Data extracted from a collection
○ ○ ○ ○ ○ ○ ○

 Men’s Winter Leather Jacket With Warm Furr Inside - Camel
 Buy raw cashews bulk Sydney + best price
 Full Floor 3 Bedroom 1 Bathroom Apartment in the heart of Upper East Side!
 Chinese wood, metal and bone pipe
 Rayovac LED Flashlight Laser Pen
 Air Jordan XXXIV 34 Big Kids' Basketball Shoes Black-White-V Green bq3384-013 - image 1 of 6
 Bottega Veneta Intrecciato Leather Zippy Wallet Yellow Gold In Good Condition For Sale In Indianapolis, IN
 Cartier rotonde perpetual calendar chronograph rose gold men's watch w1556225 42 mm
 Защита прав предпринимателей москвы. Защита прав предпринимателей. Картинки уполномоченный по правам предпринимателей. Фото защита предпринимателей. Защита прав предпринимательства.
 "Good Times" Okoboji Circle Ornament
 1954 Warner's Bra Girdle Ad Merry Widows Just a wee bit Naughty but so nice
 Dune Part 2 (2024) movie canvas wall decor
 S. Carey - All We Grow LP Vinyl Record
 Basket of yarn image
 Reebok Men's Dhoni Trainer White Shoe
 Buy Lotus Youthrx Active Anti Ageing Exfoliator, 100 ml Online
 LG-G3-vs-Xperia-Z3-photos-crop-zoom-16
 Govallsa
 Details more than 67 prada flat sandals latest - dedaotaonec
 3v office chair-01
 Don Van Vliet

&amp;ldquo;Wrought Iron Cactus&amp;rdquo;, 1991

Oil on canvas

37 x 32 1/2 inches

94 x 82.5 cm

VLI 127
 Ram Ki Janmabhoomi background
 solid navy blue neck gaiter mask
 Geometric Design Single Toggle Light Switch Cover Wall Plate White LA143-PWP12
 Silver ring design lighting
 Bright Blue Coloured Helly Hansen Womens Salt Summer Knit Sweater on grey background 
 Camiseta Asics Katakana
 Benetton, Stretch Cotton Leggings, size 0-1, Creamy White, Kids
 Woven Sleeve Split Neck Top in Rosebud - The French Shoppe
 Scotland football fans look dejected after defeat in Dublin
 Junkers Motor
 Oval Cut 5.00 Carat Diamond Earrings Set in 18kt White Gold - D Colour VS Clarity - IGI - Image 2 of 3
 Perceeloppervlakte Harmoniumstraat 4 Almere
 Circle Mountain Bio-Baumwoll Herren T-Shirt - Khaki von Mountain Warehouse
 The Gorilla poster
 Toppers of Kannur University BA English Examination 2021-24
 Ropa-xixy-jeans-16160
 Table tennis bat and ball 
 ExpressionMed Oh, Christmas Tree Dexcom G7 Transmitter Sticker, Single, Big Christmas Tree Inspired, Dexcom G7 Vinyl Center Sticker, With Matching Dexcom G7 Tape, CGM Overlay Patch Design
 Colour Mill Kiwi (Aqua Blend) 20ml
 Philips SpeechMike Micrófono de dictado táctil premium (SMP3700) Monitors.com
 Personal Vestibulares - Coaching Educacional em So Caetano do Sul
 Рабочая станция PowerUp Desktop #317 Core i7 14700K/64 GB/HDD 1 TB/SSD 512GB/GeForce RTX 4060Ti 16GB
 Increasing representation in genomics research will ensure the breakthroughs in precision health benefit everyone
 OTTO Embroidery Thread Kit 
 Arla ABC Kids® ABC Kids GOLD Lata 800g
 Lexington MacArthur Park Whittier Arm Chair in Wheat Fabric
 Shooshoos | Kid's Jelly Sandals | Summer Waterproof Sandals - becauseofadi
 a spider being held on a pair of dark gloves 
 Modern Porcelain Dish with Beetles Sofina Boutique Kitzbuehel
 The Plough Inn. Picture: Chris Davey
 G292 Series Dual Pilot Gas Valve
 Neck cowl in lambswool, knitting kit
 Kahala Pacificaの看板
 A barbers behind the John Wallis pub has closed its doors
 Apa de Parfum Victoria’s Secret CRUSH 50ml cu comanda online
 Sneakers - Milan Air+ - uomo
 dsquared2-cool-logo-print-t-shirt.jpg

○ ○ ○ ○ ○ ○ ○

From the line that has "37 x 32 1/2 inches" through the line that has "Bright Blue Coloured", copy every line exactly as it appears above, and leave out all others.

37 x 32 1/2 inches

94 x 82.5 cm

VLI 127
 Ram Ki Janmabhoomi background
 solid navy blue neck gaiter mask
 Geometric Design Single Toggle Light Switch Cover Wall Plate White LA143-PWP12
 Silver ring design lighting
 Bright Blue Coloured Helly Hansen Womens Salt Summer Knit Sweater on grey background 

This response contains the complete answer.